What this means is that Apple’s smartphone may still be named ‘iPhone’ in Brazil, but Apple will not have exclusivity in the name, meaning Gradiente can continue to sell its products under the ‘iPhone’ name. In-fact, the Brazilian company does just that, as it introduced its own ‘iPhone’ in December. It’s also worth noting the laughable irony that Gradiente’s iPhone variant runs on Android. The device’s full name is ‘Gradiente iPhone Neo One’ (I’m sorry, but ‘iPhone Nexus One’, Anyone?), and it retails for the equivalent of $304 (or £196 in the United Kingdom-land).

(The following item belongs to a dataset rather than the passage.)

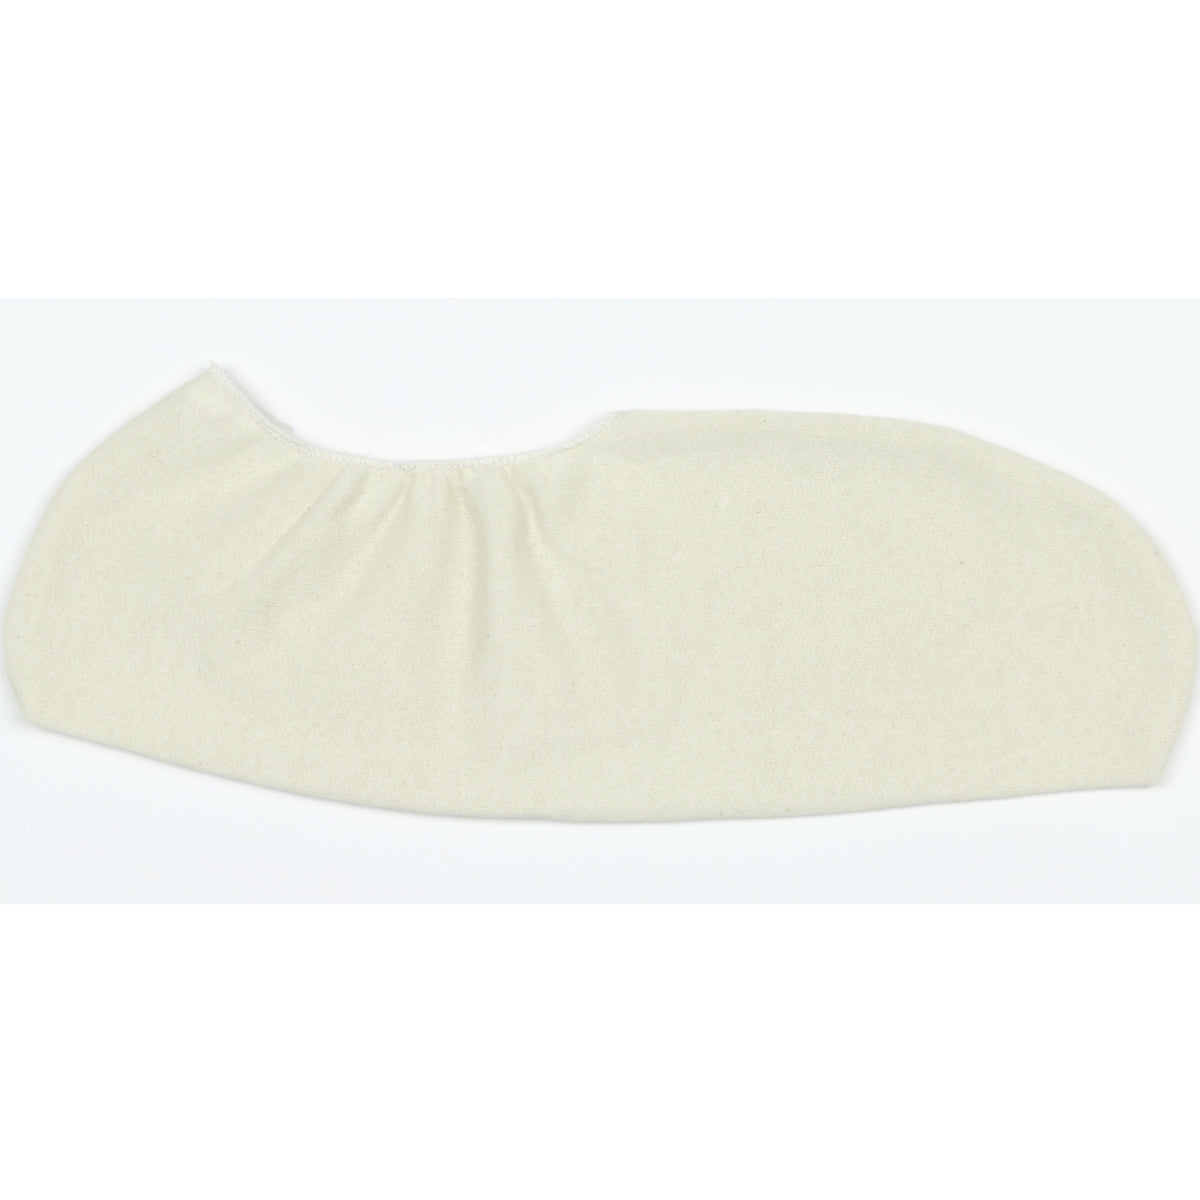 PIP WSXXL 100% Cotton Fleece Wing Sock with Elastic Top
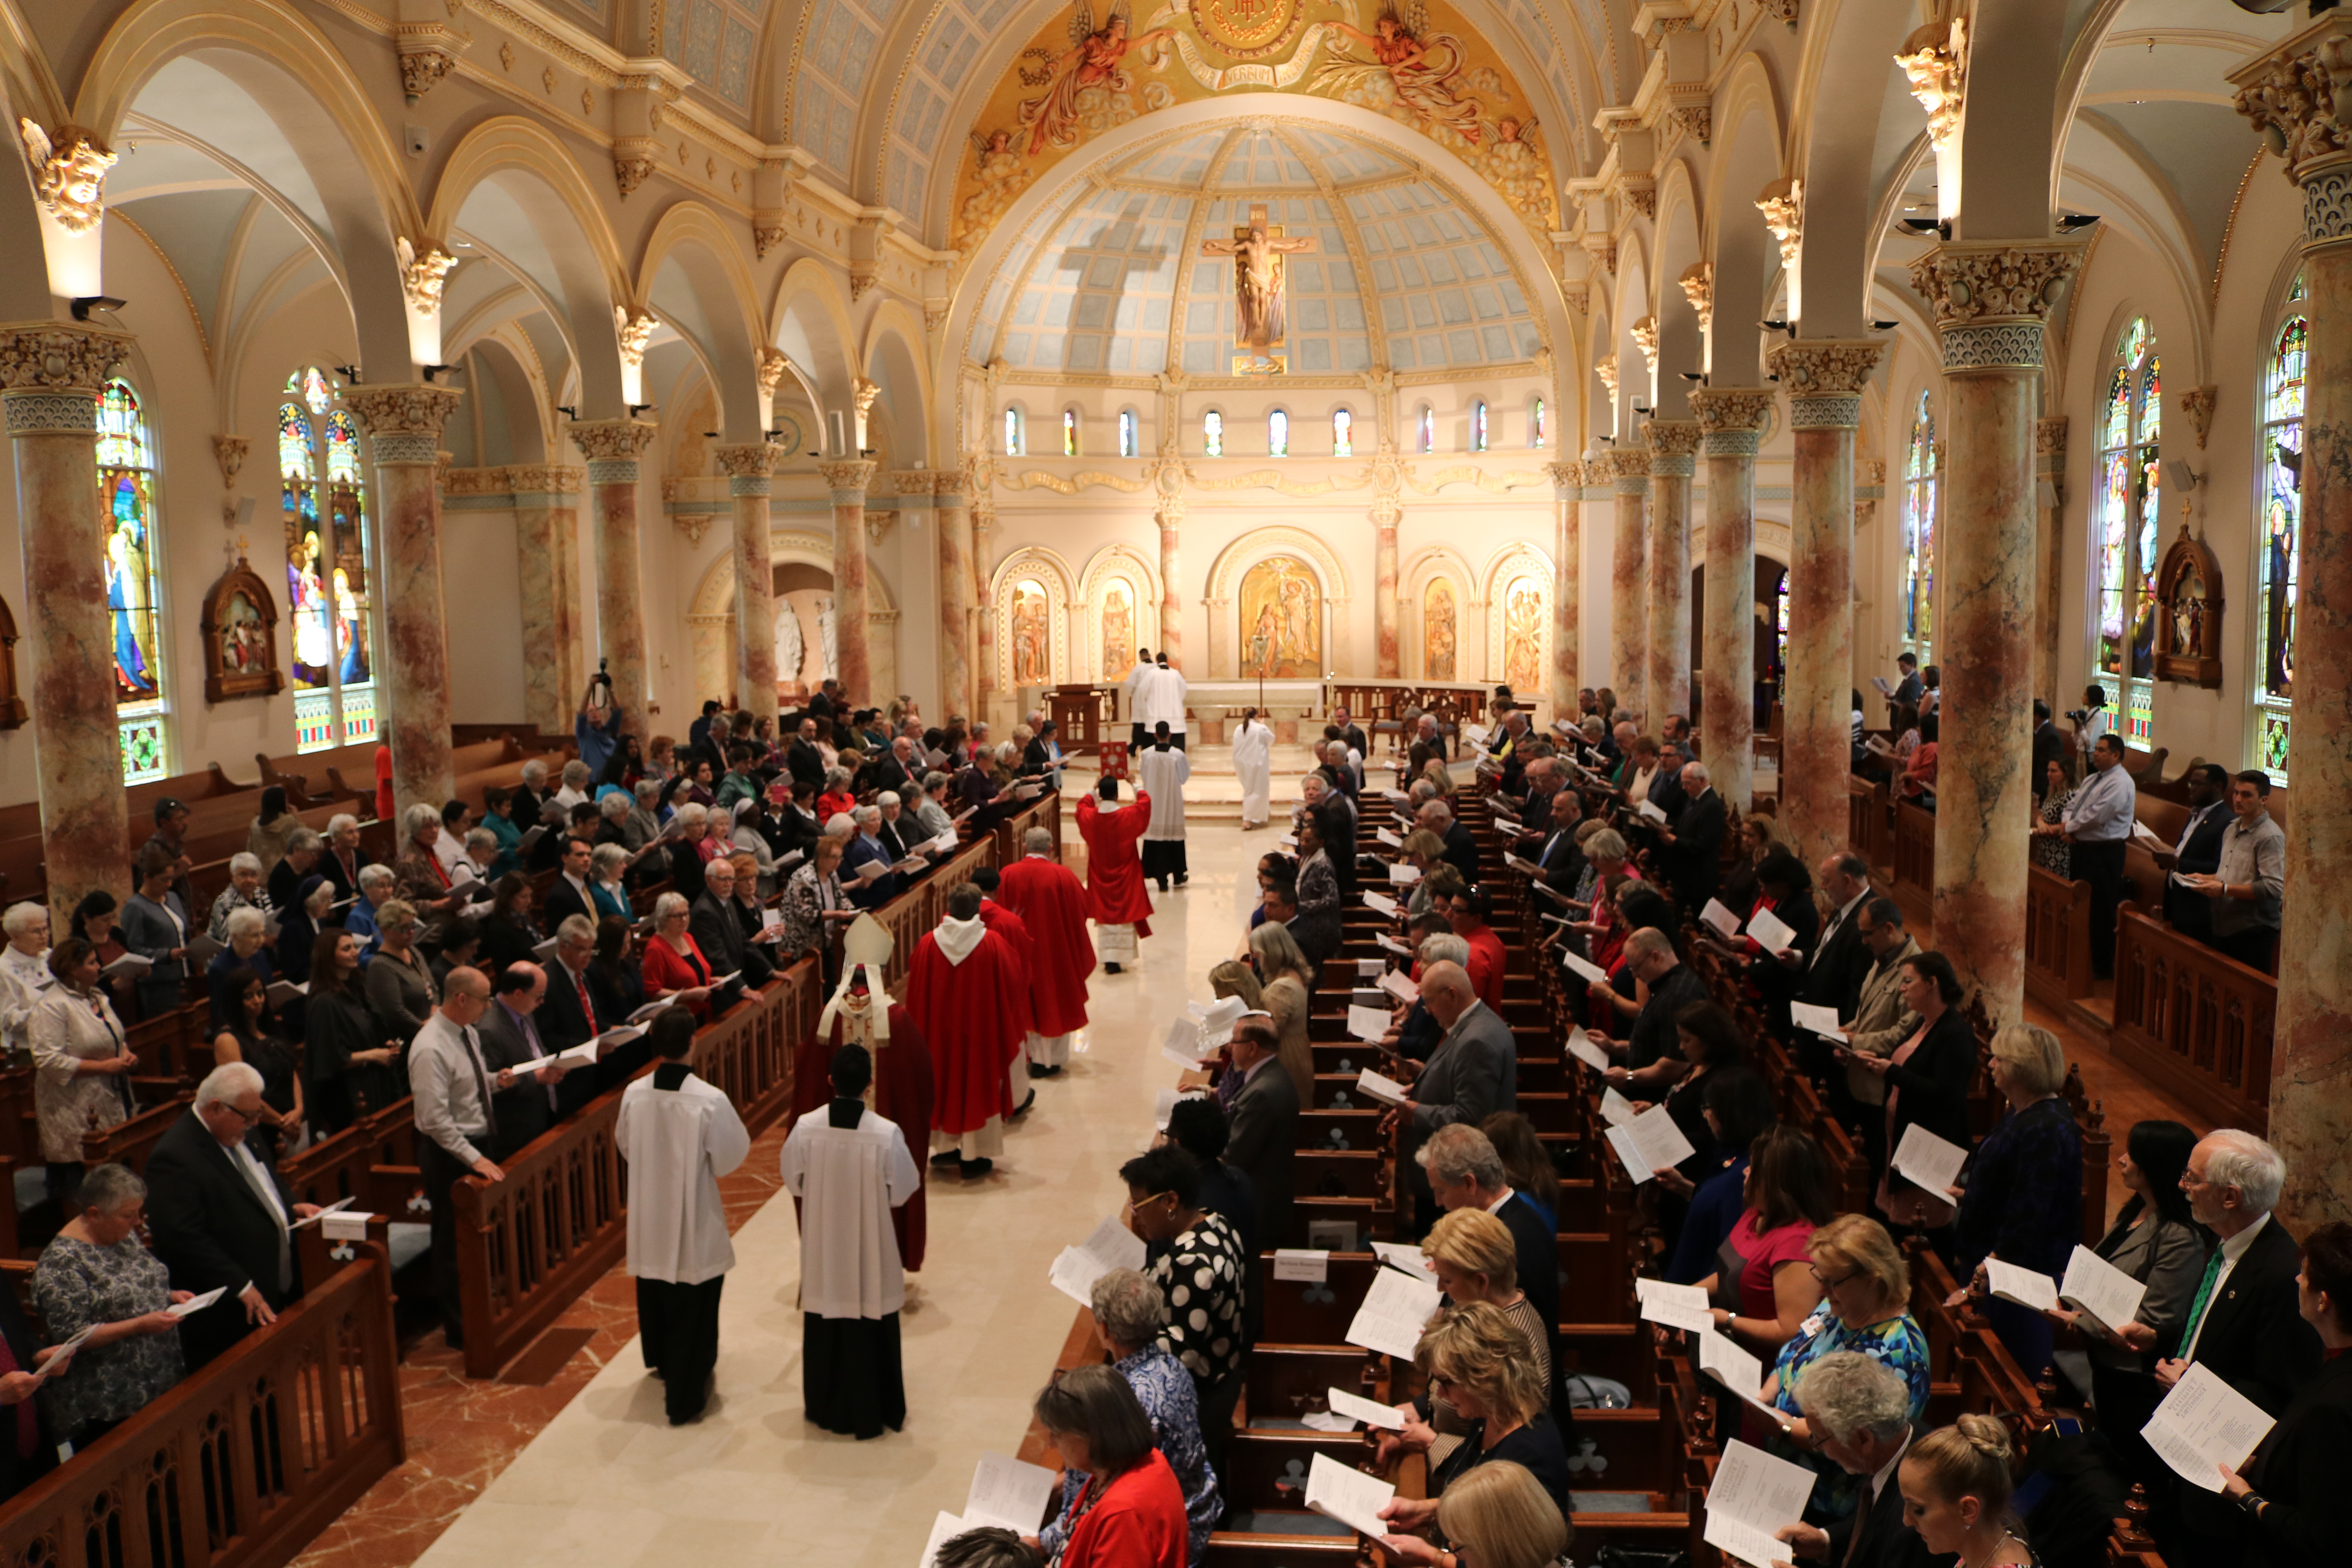 liturgy procession

The Institute of Industrial Property (INPI) stated that part of Apple’s recently-lost argument was that Gradiente Eletronica hadn’t used its ‘iPhone’ trademark on a device up until the tail end of 2012, so the Cupertino company should be awarded the trademark with full exclusivity. However, as we now know, Apple was fighting a losing battle. There is a (very) faint light side for Apple, though, as the company still has full trademark exclusivity with the name in every field other than handsets, but you can draw your own conclusions for how much use the trademark will be when applied to a product that isn’t a smartphone.